Drug costs in context: assessing drug costs in cost-of-illness analyses.

Cost-of-illness (COI) studies attempt to measure and describe the costs associated or attributed to a specific disease, but there are several considerations for measuring and interpreting drug costs estimates. The complexity of the pharmaceutical supply chain and contractual relationships between manufacturers, wholesalers, pharmacies and payers create challenges for researchers attempting to include drug costs in COI analyses. This article aims to provide contextual information for a general audience interested in conducting or evaluating COI studies that may include drug costs and to describe key factors to consider when reviewing drug costs in the peer-reviewed literature.

Introduction

Drug prices are the source of significant health policy debate around the globe, particularly with the concern that drug prices are too high or unaffordable for governments, payers and patients.1,2 When assessing the full value provided by a new pharmaceutical innovation, researchers typically rely on cost-effectiveness analyses that use a comparative evaluation approach for the new product compared to an older product or current standard of care.3,4 To obtain an accurate estimate of cost effectiveness, we need to have good information supporting costs and clinical benefits.

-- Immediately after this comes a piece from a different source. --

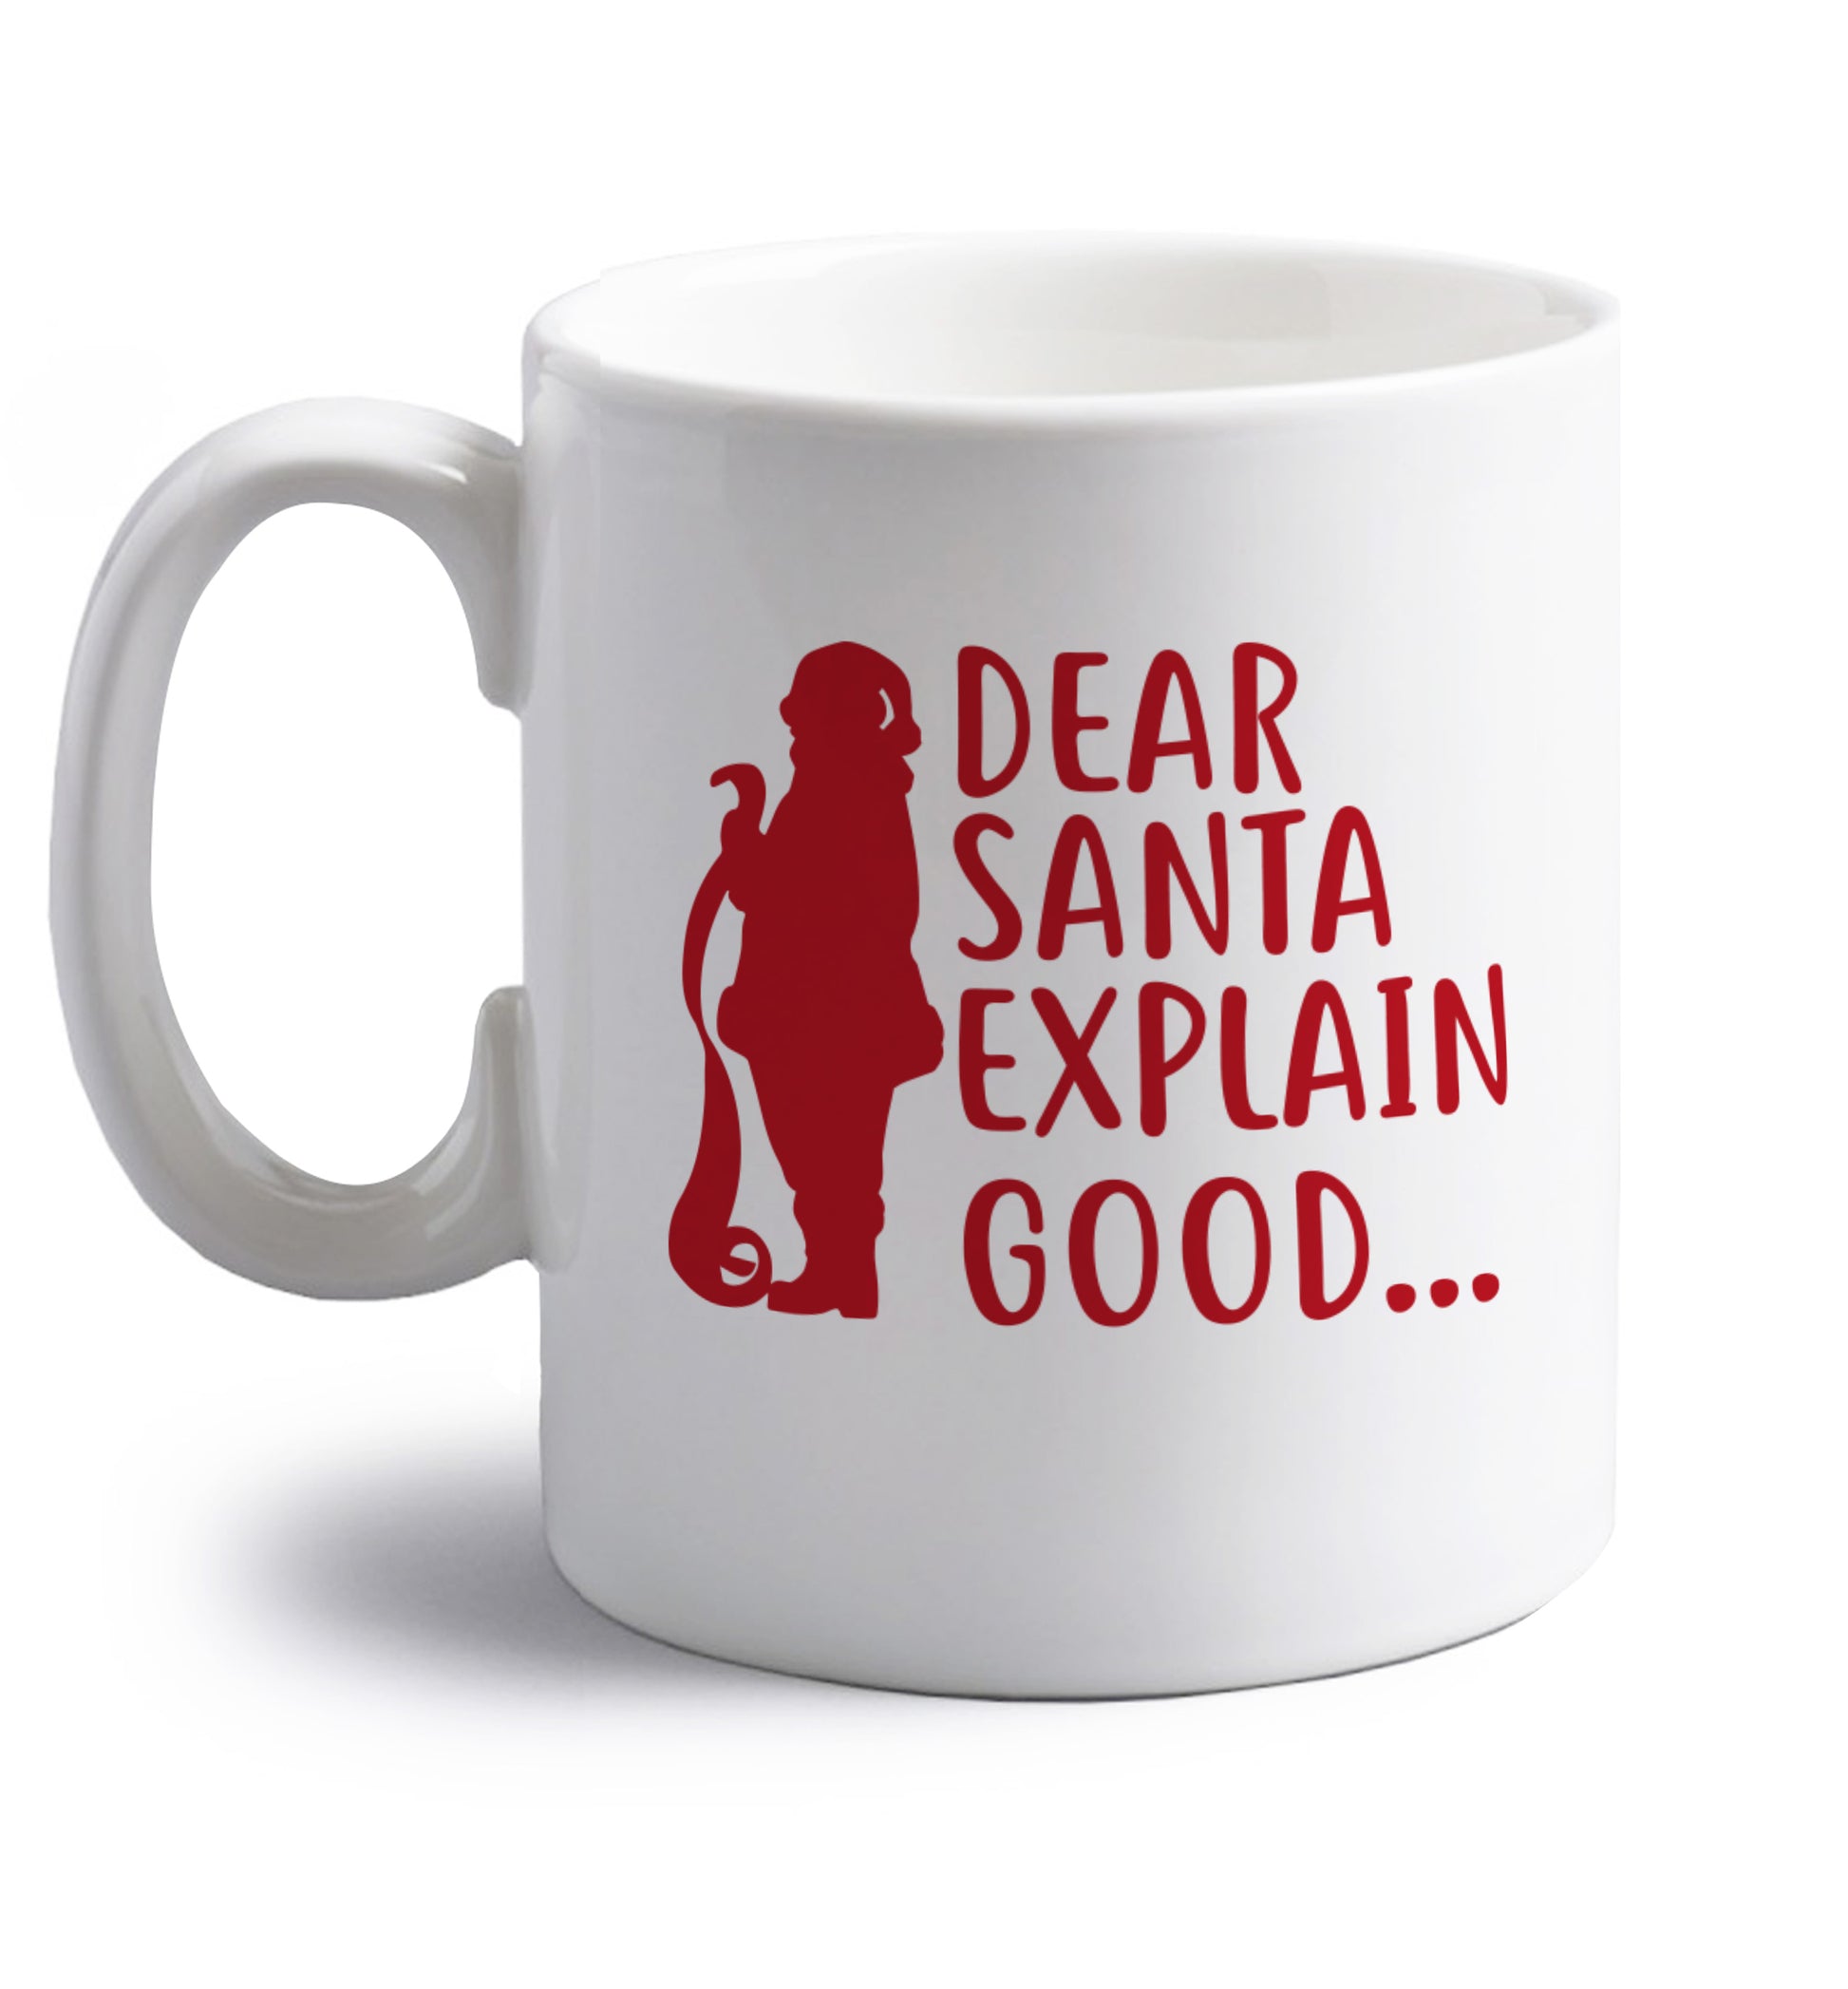 Dear Santa explain good... right handed white ceramic mug

For pharmaceuticals, the true price paid by a patient or a payer (government or private) will typically be much different than the original ‘list price’ stated by the manufacturer producing the product.5,6

Commentary

Background on cost-of-illness methods

Cost-of-illness (COI) studies are a subset of studies that measure disease burden, using an economic approach to measure and describe the costs associated or attributed to a specific disease.7 Since Rice’s seminal work in the 1960s, the methods used within COI studies have varied, making some experts question their reliability of cost-only estimates for healthcare decision-making.8–11 In the case of economic evaluations (e.g. COI, cost-effectiveness, cost–benefit) that incorporate drug costs, small variances in the drug price definition or methods used to estimate the cost attributed to medication utilization may yield very different results.5

First, COI methods are typically descriptive without a testable hypothesis.9,12 This is not to say that the analytics involved in cost estimates are simple or lack statistical rigor, but simply that the overall purpose of a COI study is to identify and measure all the costs of a particular disease. The body of COI evidence has been broadly categorized into two groups: (1) direct costs resulting from the disease and (2) other related costs, which may include non-health costs.13 Larg and Moss define a ‘traditional approach’ to COI that considers direct costs (health-related resource use), losses in productivity related to morbidity and mortality, and losses in quality and length of life (i.e. intangible costs).12 They further explain how tangible costs (e.g. direct costs, productivity losses) are frequently estimated and reported whilst intangible costs are less frequently monetized due to challenges in the objective valuation and validation of the estimates.12 Onukwugha (formerly Akobundu) et al. conducted multiple systematic reviews of published COI studies in 2006 and 2015 emphasizing how the design of a COI study often focuses on reporting total costs or incremental costs due to the disease in question.9,10 Onukwugha et al. also categorize these total and incremental costing approaches based on designs from the summation of all resources used, the resources used associated with a specific diagnosis, and use of control groups to compare these costs using various statistical techniques.9,10

Specific to pharmaceuticals, when COI studies aim to estimate a total or incremental cost associated with a disease, many of these design considerations may influence the results. This article aims to provide contextual information for a general audience interested in conducting or evaluating COI studies that may include drug costs and to describe key factors to consider when reviewing drug costs in recently published peer-reviewed COI studies.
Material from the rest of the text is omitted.